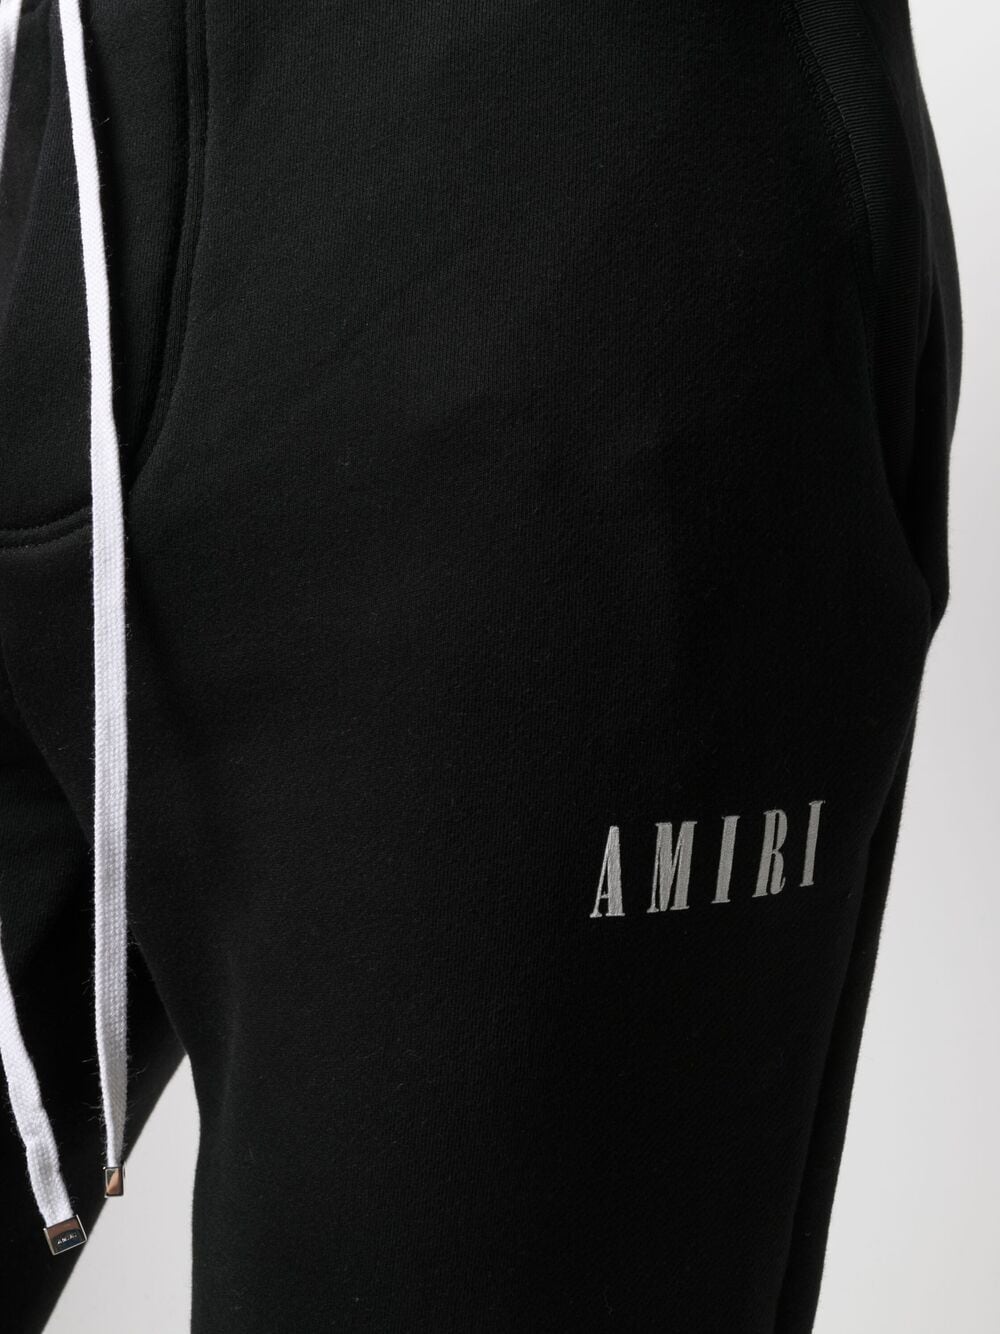 AMIRI LOGO PRINT TRACK PANTS - Clothes Rep
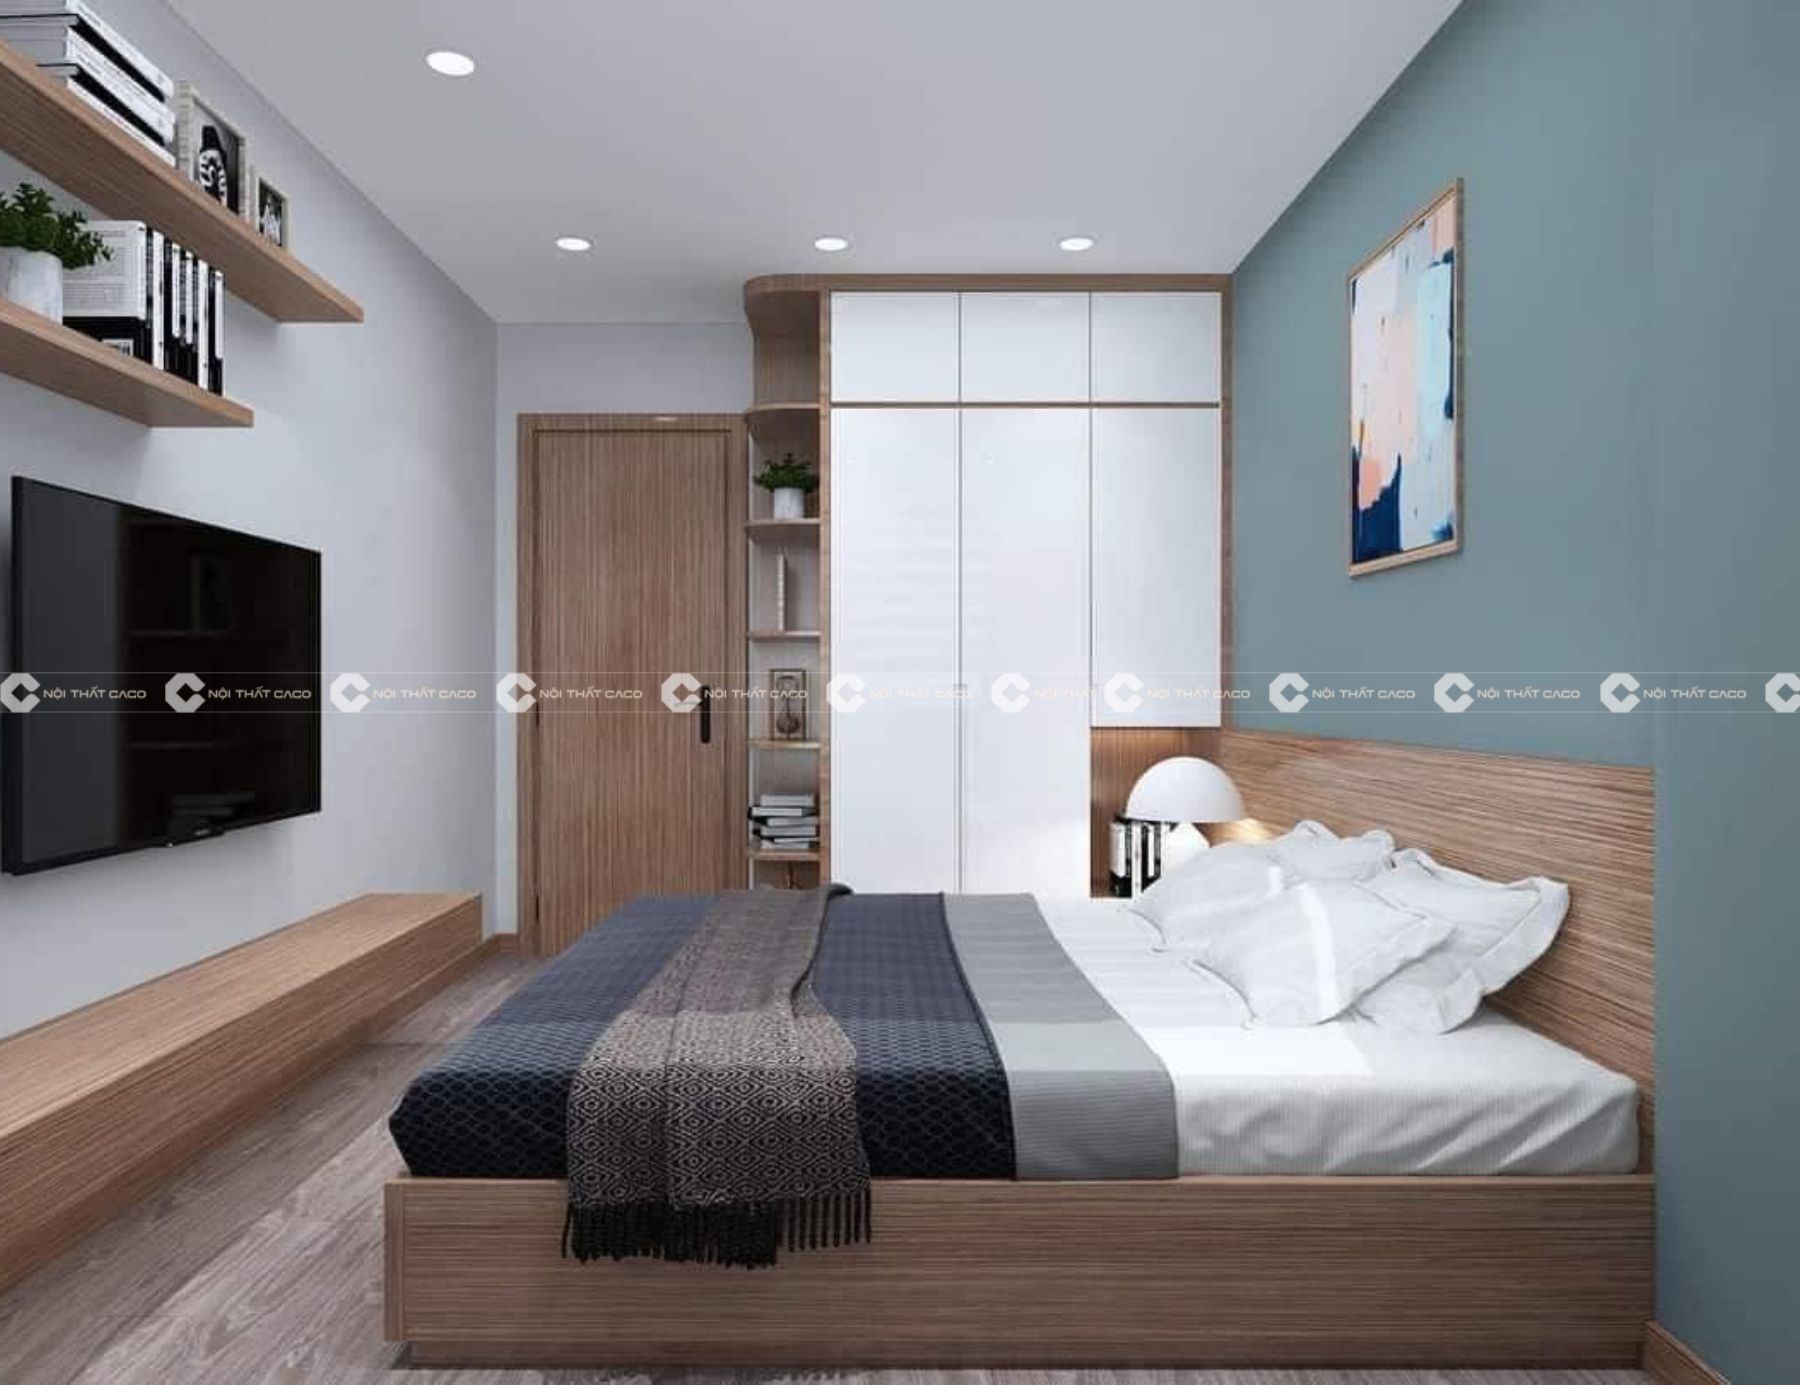 Thiết kế thi công nội thất phòng ngủ đẹp theo phong cách hiện đại tại Quận 7 6
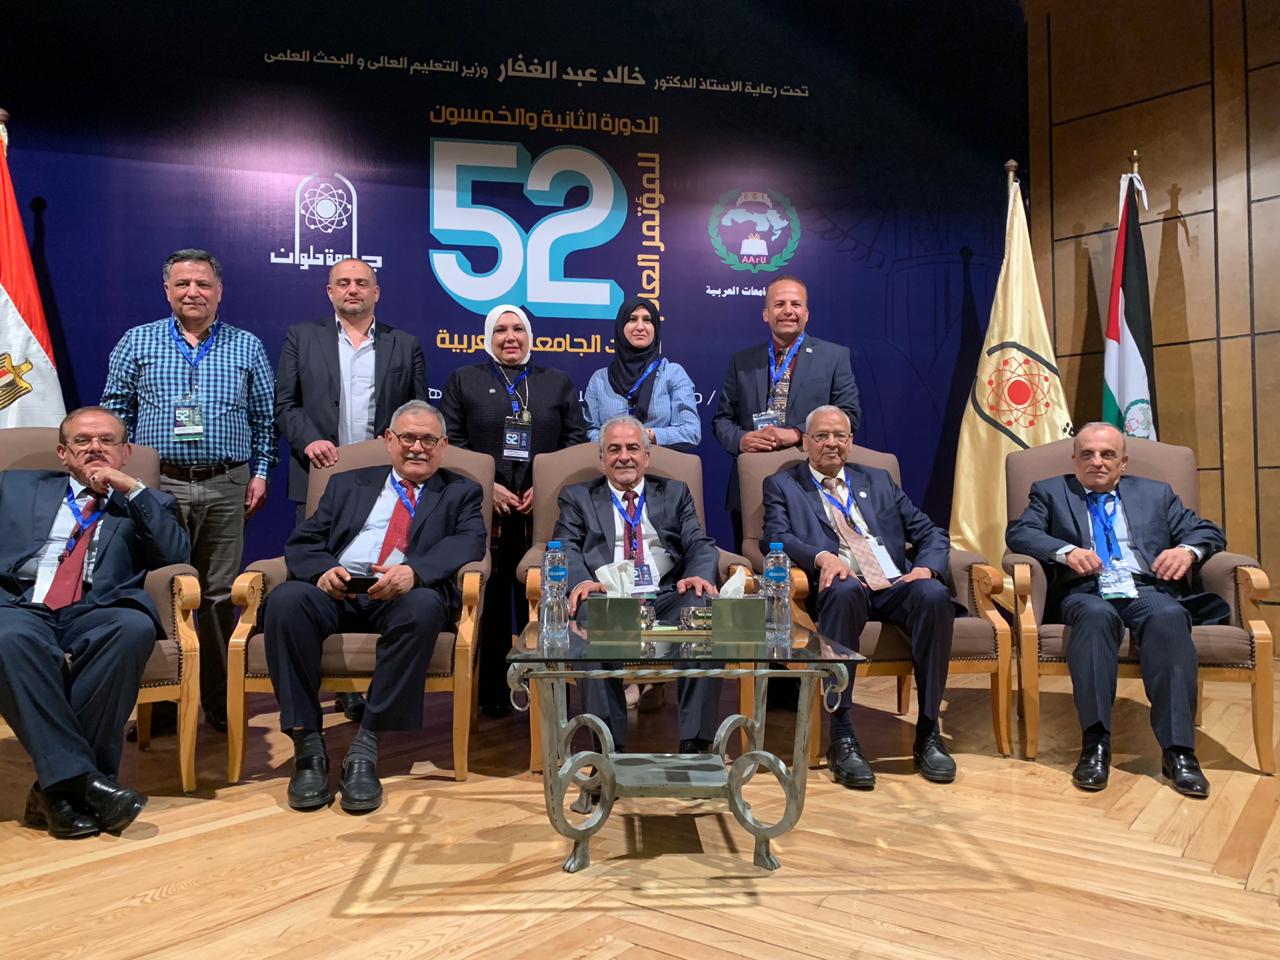 رئيس جامعة عمان الأهلية يترأس الاجتماع الأول للجنة المجالس والمراكز باتحاد الجامعات العربية في شرم الشيخ
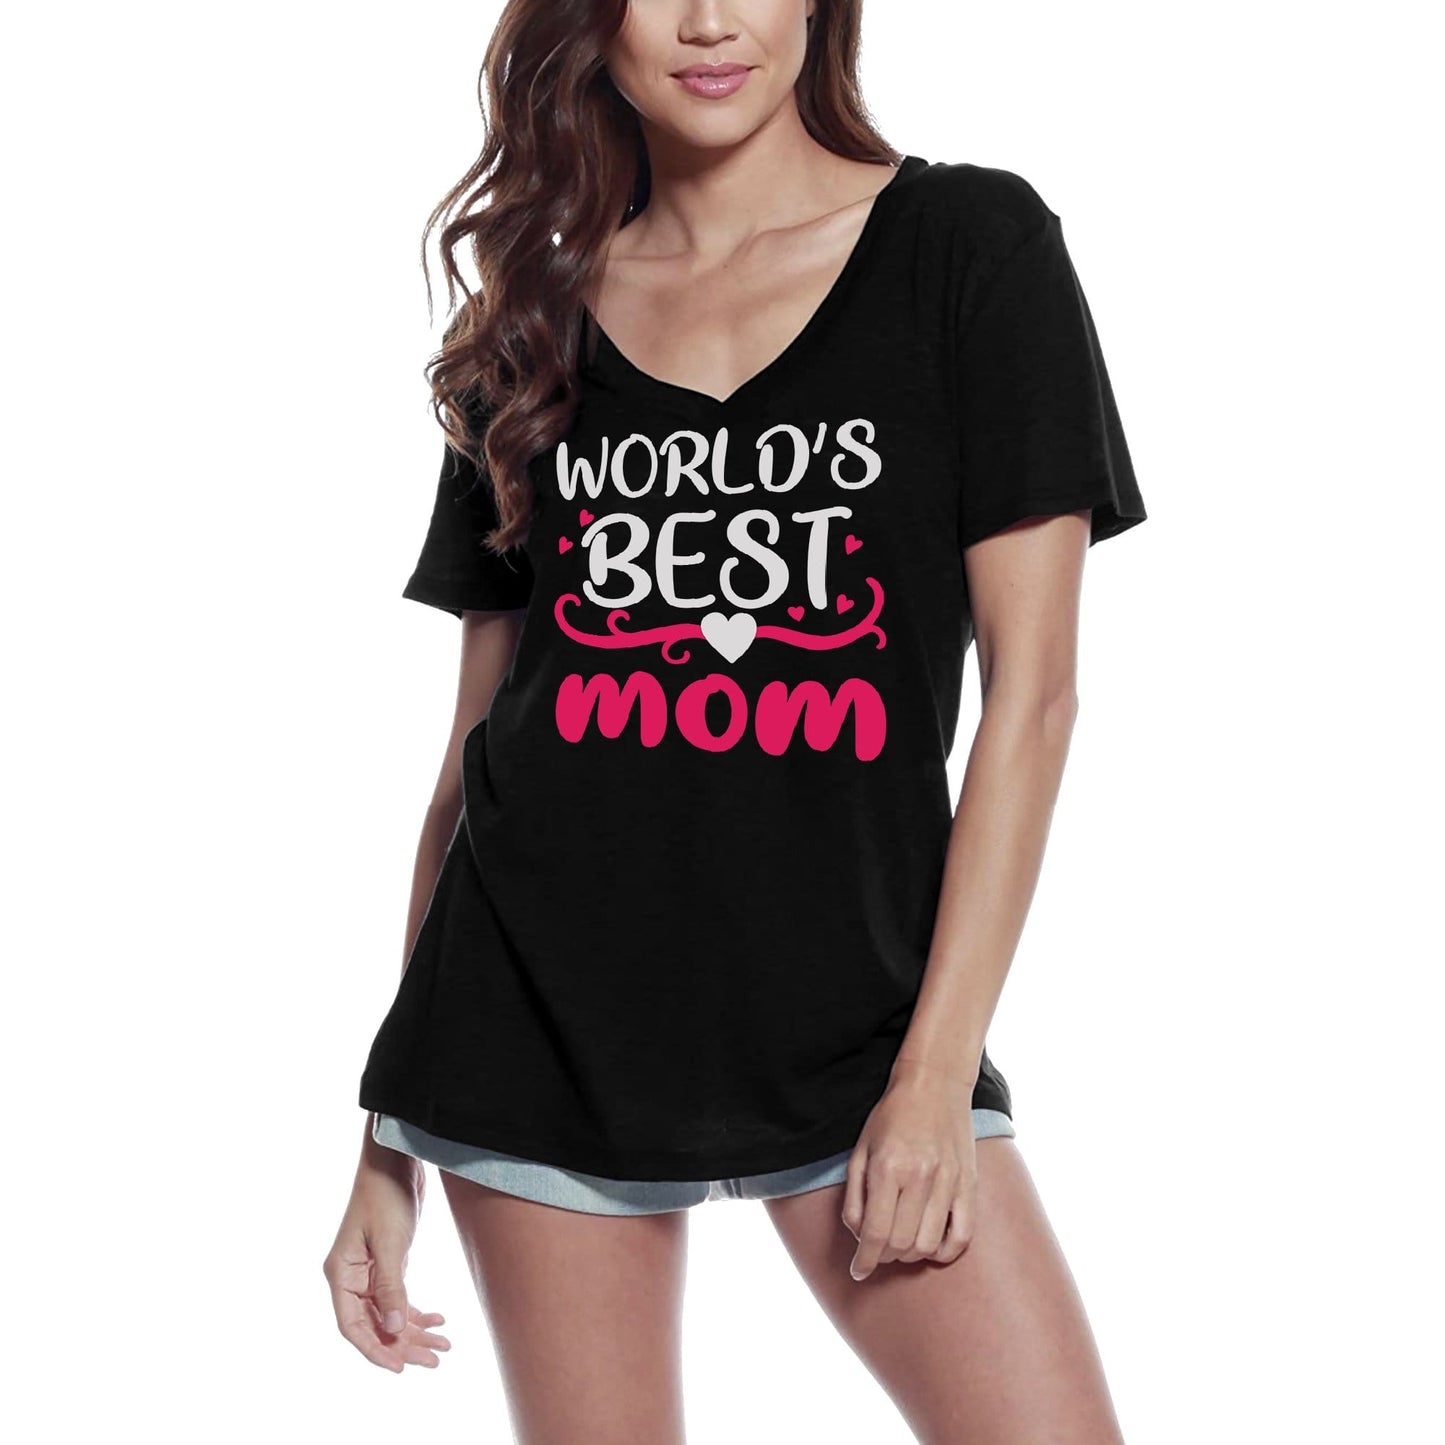 ULTRABASIC Women's T-Shirt World's Best Mom - Heart Short Sleeve Tee Shirt Tops

================

TASK DETAILS >>
Would you transcribe the whole listing above exactly? The pictures should not be included.

RESULT >>
 AMIRI LOGO PRINT TRACK PANTS - Clothes Rep
 Thiết kế thi công nội thất phòng ngủ đẹp theo phong cách hiện đại tại Quận 7 6
 رئيس جامعة عمان الأهلية يترأس الاجتماع الأول للجنة المجالس والمراكز باتحاد الجامعات العربية في شرم الشيخ
 ULTRABASIC Women's T-Shirt World's Best Mom - Heart Short Sleeve Tee Shirt Tops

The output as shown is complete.